By: Andy Burrows, Digital Content Marketer, Informa
For Reed Cundiff, General Manager of Customer and Market Research at Microsoft, the key to progression in the insights industry all starts with your outlook - “having that growth mind-set to be able to say: there is opportunity space to learn and grow”. We caught up with Cundiff as part of The Research Insighter series of interviews, to discuss the current big ‘opportunity space’ within integrating data collected from new sources.
When trying to understand the often overwhelming amount of social and behavioral data being collected, Cundiff has approached it humbly, realising he and his team would have to learn “sometimes from our failures and sometimes from our successes”. It can start with something as simple as “being comfortable with a variety of different approaches” and knowing “where the bar is and what success can look like.”
At Microsoft they have spent several years trying to understand their social data, “not just to understand volume metrics, but how what is going on in social can relate to and, ideally, predict what is happening in the offline world”. Unpicking the social sphere is challenging enough, but using that data to then predict changes in the offline world is the Holy Grail for many working within insights.
For Cundiff the rewards of success are clearly worth it: “One of the things we’ve been able to do is look at social volume and sentiment within a given category, targeting specific products, to be able to get a sense of what the future purchase intent and sales will look like for that product and that category as whole.”
Alongside social insight, Cundiff is now able to “gather data around how people are using our products at a pretty significant level of depth”, which has revolutionized how Microsoft measure customer satisfaction.

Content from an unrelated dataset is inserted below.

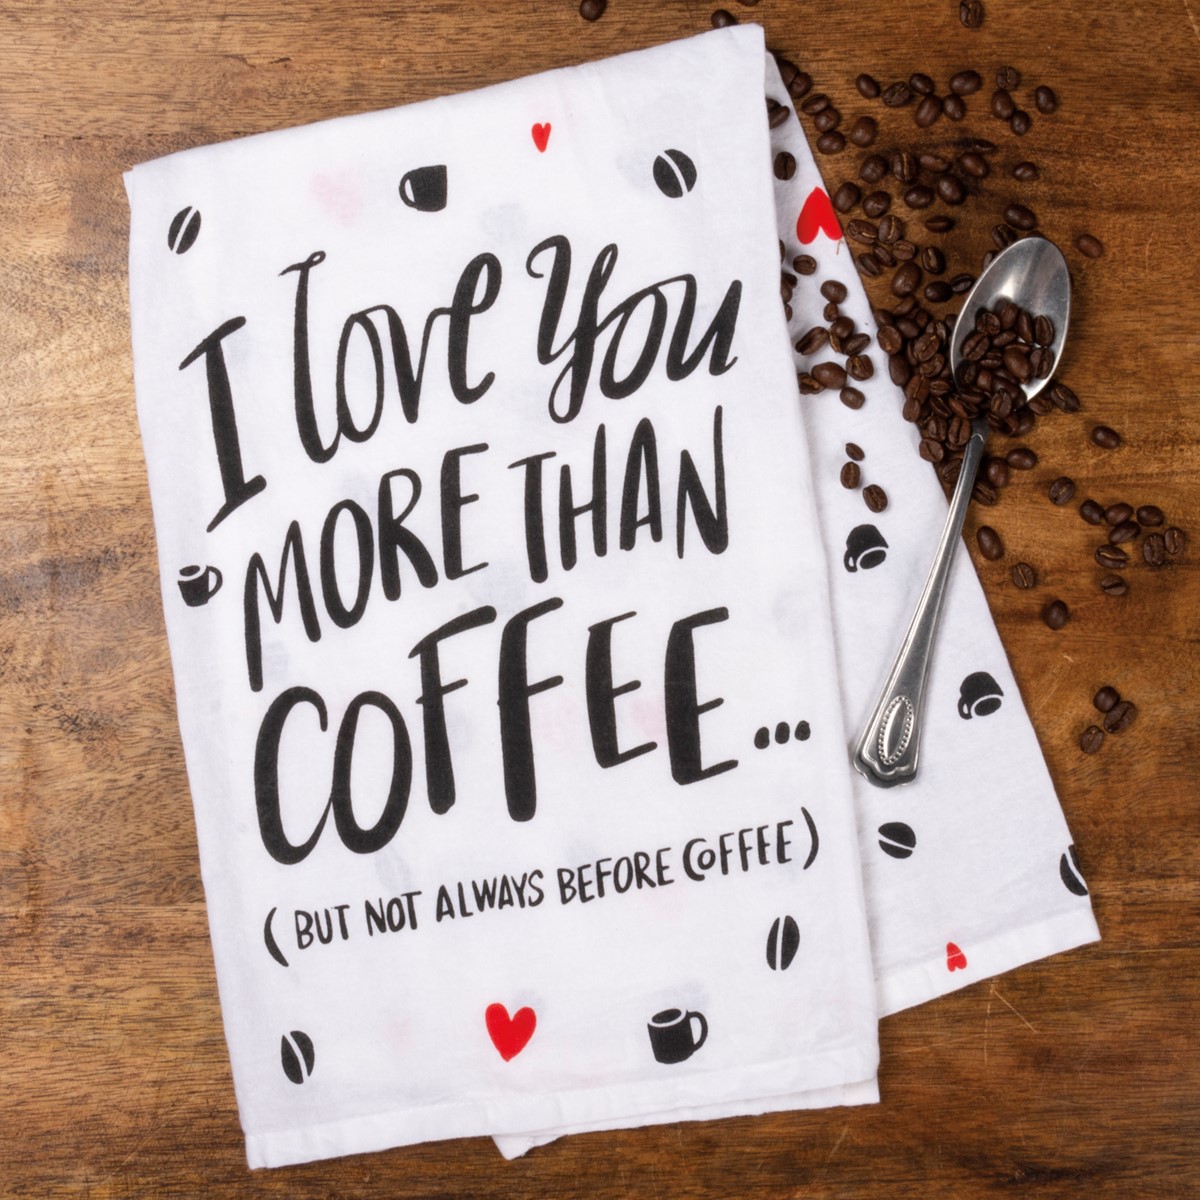 But Not Always Before Coffee Kitchen Towel - Cotton
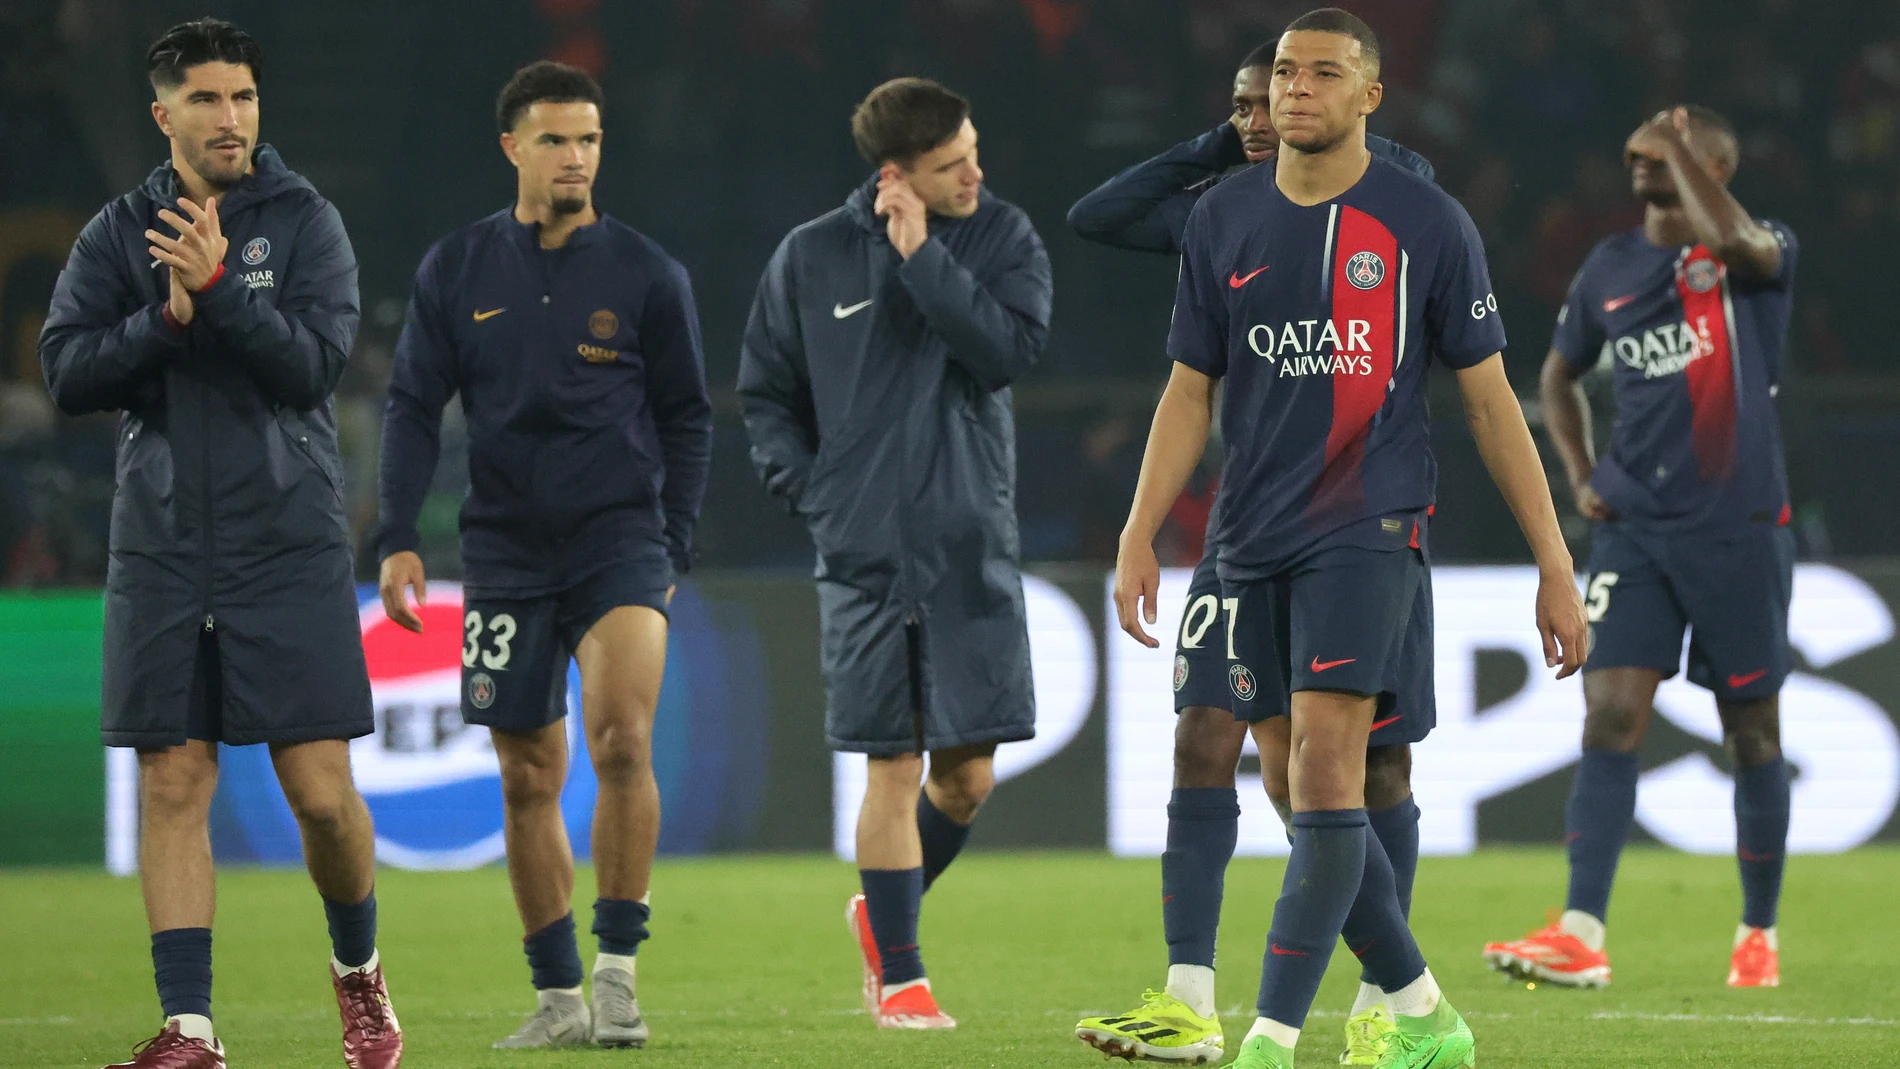 Paris (France), 07/05/2024.- Kylian Mbappe of PSG and teammates look on after the UEFA Champions League semi-finals, 2nd leg soccer match of Paris Saint-Germain against Borussia Dortmund, in Paris, France, 07 May 2024. PSG lost the match 0-1 and the tie 0-2 on aggregate with Borussia Dortmund advancing to the final. (Liga de Campeones, Francia, Rusia) EFE/EPA/TERESA SUAREZ

He explains: “A typical product satisfaction survey would really skim the surface in understanding the stated behavior that folks have with a product as complex as Microsoft Office… If we are able to combine the behaviors that people opt in to share with us to get a sense of how they are using the product every day, and link that with a survey that talks about their thoughts and feelings on that product, then we are able to get a much more rounded picture of, not just how they feel and what they think, but how their product interactions reflect that.”
The results have “enabled our product satisfaction research to go much deeper in prescribing what we think we need to build into the products, where we need to fix our customer experiences and how we need to engage with customers even more generally.”
Though Cundiff and Microsoft have clearly had successes, it is typical of his approach to insights to remain focused on the bigger picture: “We have to view it as a journey, not simply as a project that will get graded A-F at its conclusion.”